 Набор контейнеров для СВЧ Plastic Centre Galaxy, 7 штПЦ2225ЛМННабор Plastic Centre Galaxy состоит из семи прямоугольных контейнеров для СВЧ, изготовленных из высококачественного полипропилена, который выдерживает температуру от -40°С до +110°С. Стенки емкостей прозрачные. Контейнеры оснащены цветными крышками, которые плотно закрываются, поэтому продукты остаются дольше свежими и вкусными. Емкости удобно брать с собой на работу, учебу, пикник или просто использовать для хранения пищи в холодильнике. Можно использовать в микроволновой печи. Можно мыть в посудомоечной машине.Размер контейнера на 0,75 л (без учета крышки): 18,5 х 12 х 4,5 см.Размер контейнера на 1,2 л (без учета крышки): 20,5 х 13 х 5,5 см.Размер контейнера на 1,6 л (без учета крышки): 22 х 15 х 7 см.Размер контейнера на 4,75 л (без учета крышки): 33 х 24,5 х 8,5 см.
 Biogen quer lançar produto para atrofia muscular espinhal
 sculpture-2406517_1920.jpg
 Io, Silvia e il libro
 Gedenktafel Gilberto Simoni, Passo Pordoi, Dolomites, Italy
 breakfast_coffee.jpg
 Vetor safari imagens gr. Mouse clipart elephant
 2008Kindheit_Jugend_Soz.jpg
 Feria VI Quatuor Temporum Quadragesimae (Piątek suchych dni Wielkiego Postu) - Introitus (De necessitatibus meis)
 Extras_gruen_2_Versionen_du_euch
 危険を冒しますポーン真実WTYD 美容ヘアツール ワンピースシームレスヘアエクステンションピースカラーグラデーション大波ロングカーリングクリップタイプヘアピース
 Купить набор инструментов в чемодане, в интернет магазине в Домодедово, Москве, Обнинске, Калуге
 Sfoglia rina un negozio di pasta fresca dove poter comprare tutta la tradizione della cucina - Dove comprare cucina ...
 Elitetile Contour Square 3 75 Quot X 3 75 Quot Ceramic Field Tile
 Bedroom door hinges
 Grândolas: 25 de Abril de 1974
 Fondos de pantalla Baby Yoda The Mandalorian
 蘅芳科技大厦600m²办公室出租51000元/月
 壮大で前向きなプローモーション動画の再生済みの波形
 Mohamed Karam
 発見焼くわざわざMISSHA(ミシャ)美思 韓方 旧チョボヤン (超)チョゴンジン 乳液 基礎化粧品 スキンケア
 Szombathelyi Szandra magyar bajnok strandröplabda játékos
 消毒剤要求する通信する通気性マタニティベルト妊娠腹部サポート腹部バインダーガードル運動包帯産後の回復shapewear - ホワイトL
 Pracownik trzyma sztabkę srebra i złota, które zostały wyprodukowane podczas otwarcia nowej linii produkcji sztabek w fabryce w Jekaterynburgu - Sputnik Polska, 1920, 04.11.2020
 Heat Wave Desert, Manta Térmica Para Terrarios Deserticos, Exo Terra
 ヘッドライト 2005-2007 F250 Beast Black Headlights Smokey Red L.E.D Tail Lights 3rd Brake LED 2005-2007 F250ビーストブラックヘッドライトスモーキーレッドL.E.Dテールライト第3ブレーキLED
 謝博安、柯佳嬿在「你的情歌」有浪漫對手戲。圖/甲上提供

════════════════

> [Exercise]
Within the data above, the lines from the one with "2008Kindheit_Jugend_Soz.jpg" to the one with "Mohamed Karam" must be repeated exactly; no other line belongs in the answer.

> [Task output]
 2008Kindheit_Jugend_Soz.jpg
 Feria VI Quatuor Temporum Quadragesimae (Piątek suchych dni Wielkiego Postu) - Introitus (De necessitatibus meis)
 Extras_gruen_2_Versionen_du_euch
 危険を冒しますポーン真実WTYD 美容ヘアツール ワンピースシームレスヘアエクステンションピースカラーグラデーション大波ロングカーリングクリップタイプヘアピース
 Купить набор инструментов в чемодане, в интернет магазине в Домодедово, Москве, Обнинске, Калуге
 Sfoglia rina un negozio di pasta fresca dove poter comprare tutta la tradizione della cucina - Dove comprare cucina ...
 Elitetile Contour Square 3 75 Quot X 3 75 Quot Ceramic Field Tile
 Bedroom door hinges
 Grândolas: 25 de Abril de 1974
 Fondos de pantalla Baby Yoda The Mandalorian
 蘅芳科技大厦600m²办公室出租51000元/月
 壮大で前向きなプローモーション動画の再生済みの波形
 Mohamed Karam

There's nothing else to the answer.